MINI-SERIES REVIEWS...

cover #1The Saga of the Original Human Torch

(1990 - four issues, published by Marvel Comics)

Writer: Roy Thomas. Pencils: Rich Buckler. Inks: Danny Bulandi, Alfredo Alcala, Romeo Tanghal..

Given comics often represent years of accumulated continuity -- sometimes dating back decades -- it then can give rise to projects that exist mainly to recap what's gone before, particularly in the case of old stories that would be hard to trackdown for the average reader.

Sometimes these projects deliberately reinterpret or re-imagine past events, or at least reshape disparate threads of continuity into one straight forward story arc. Sometimes it can be fun and enjoyable and result in an epic adventure drawing upon years of stories. And sometimes it can feel a bit bland, like a school assignment where you are expected to summarize an article in your own words.

Roy Thomas is no stranger to such enterprises -- arguably one of comicdoms premiere nostalgists and frequently given to drawing upon decades old stories, or trying to patch over continuity problems that invariably arise when multiple writers and artists write disparate stories over decades.
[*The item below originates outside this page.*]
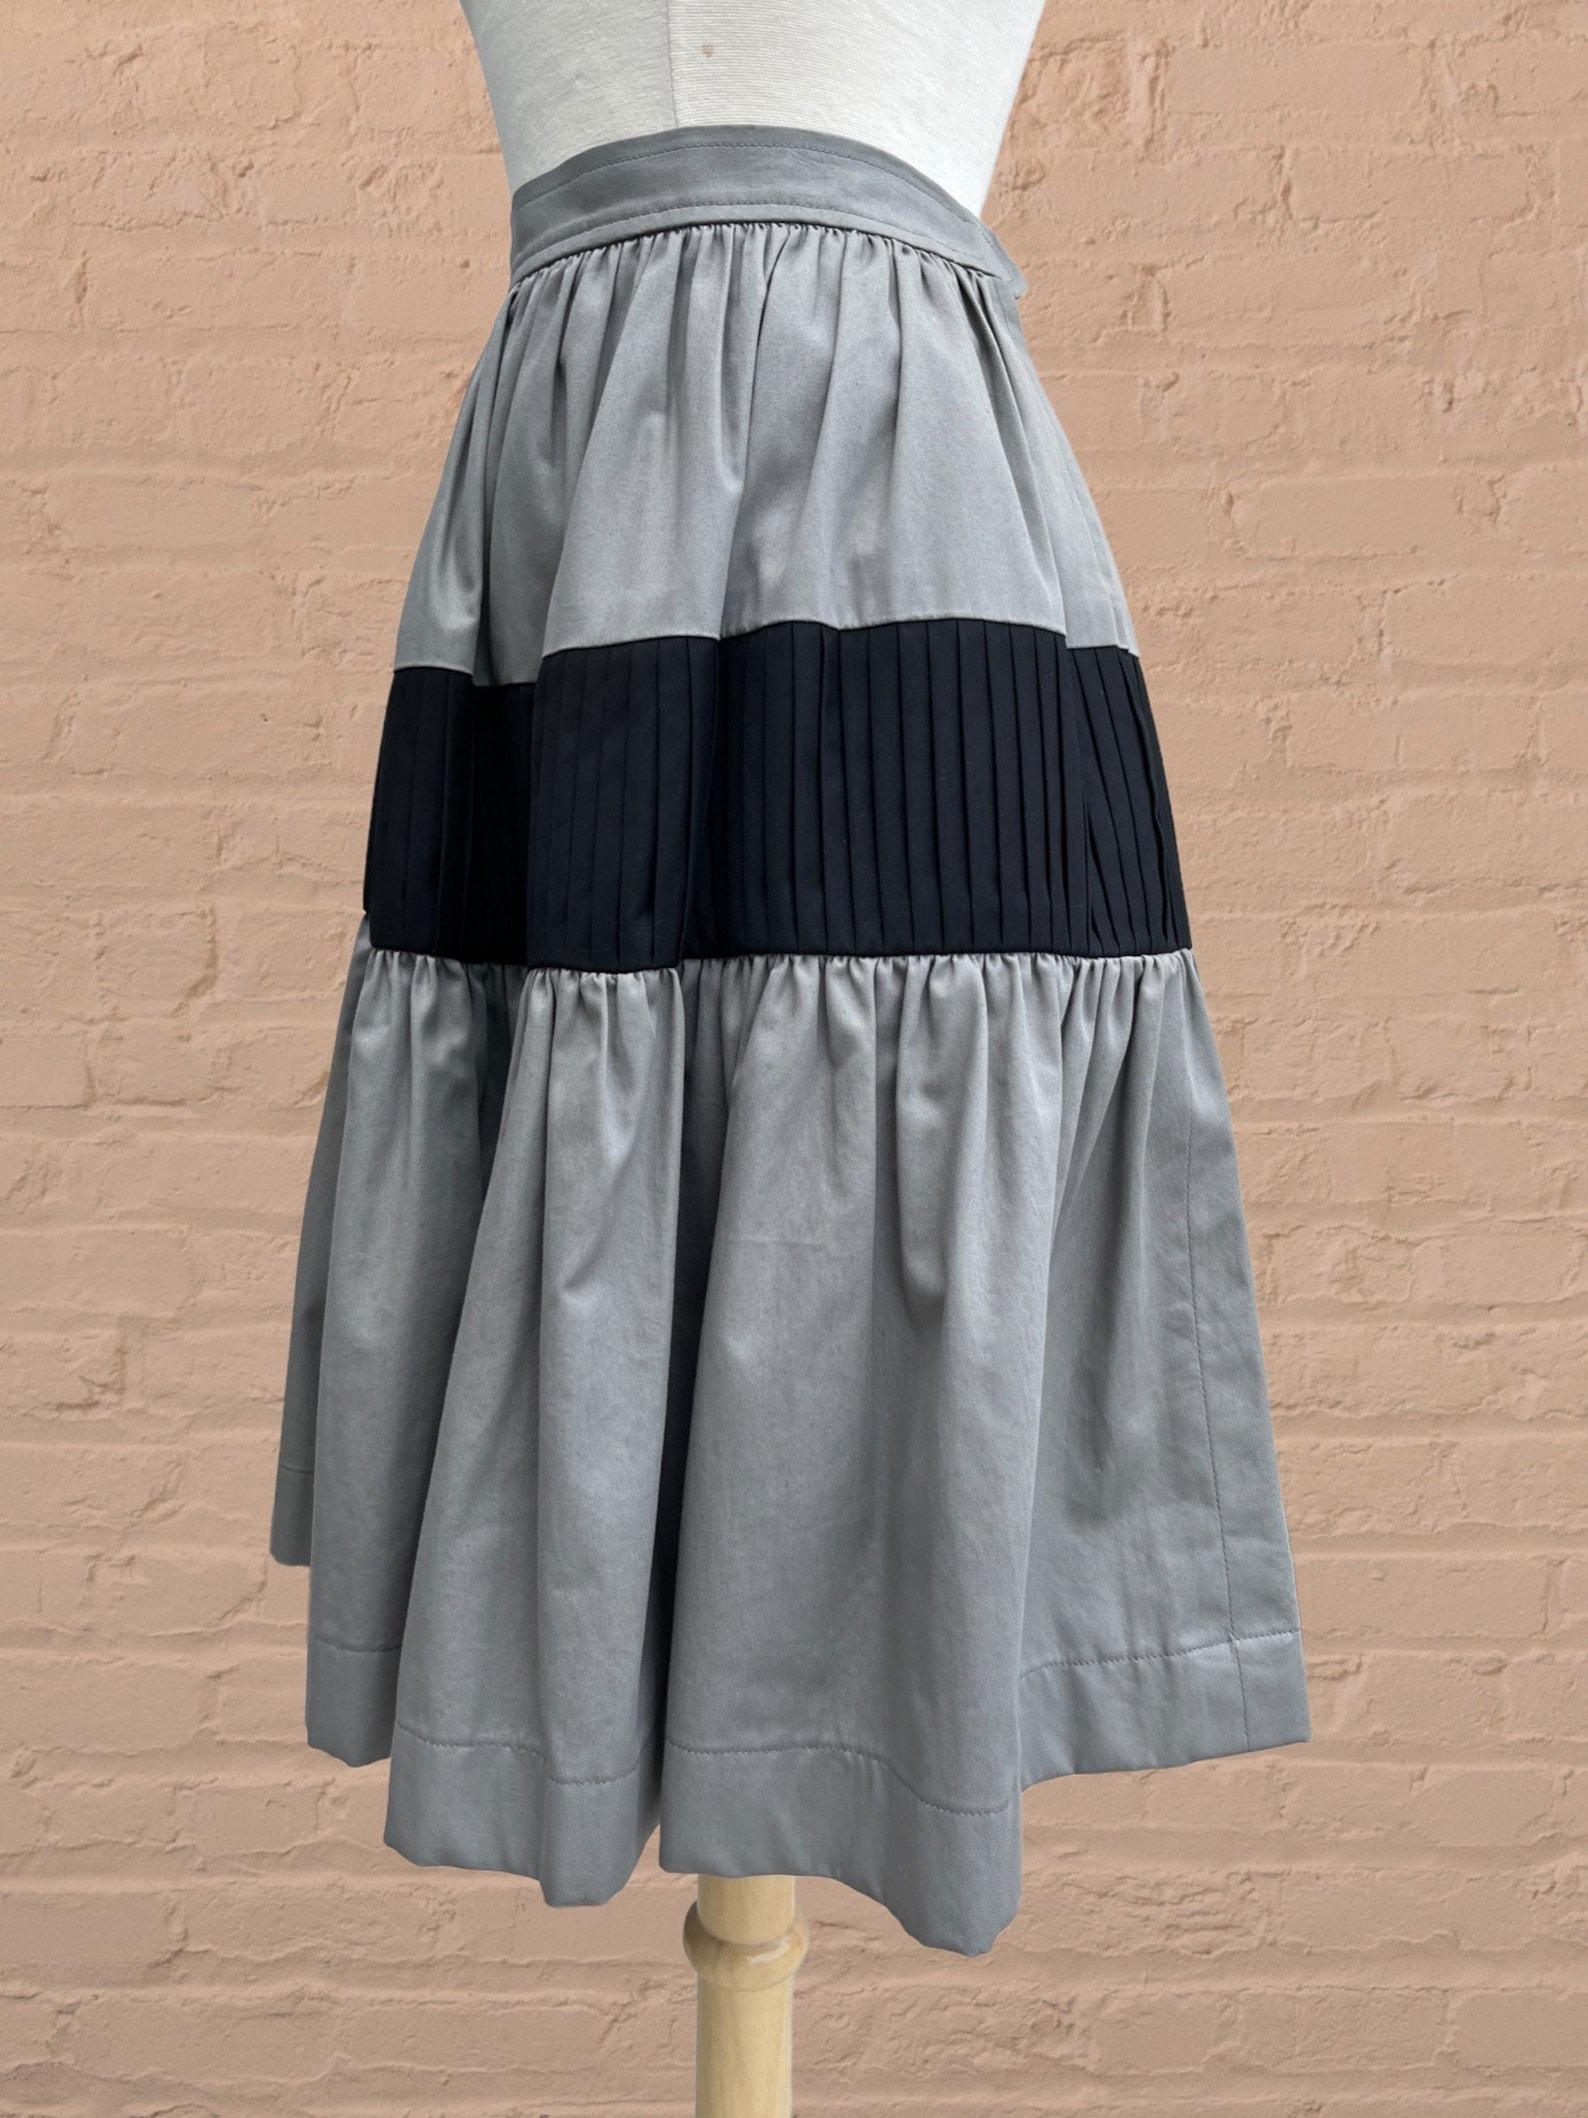 Women's Yves Saint Laurent colorblock skirt For Sale

He's also no stranger to simply adapting another's work -- from his many years as a writer on Conan The Barbarian (often faithfully adapting the original prose stories) to various comic book projects (such as DC' 1990s Secret Origins series which often did seem to involve simply retelling past origin stories).

And, unfortunately, the Saga of The Human Torch falls into the bland category.

It focuses, not on the Fantastic Four's Johnny Storm, but on the original Human Torch -- the android super hero who had continued to crop up in comics periodically (including the Roy Thomas written WW II-set series, The Invaders) despite having been technically killed off in the mid-1960s. But around this point, the Torch had been officially resurrected in modern continuity, and so Thomas -- or the Marvel editors -- presumably thought it made sense to offer some sort of definitive work to familiarize readers with a character whose solo adventures were from the 1940s and 1950s and largely out-of-print!

But though Thomas does a competent job, and artist Rich Buckler is in particularly good form (nicely aided by solid inkers), it does end up feeling like all Thomas is doing is simply recapping the entirety of the Torch's Golden Age adventures across 4 issues. Despite filtering the scenes through the Torch's narration and reminiscences, it's not like Thomas has set out to dig beneath the old stories, to layer on extra meaning and nuance to these simple tales, or to flesh things out much with supporting characters or anything. For the most part, I believe most of the stuff chronicled here really had been depicted in past comics.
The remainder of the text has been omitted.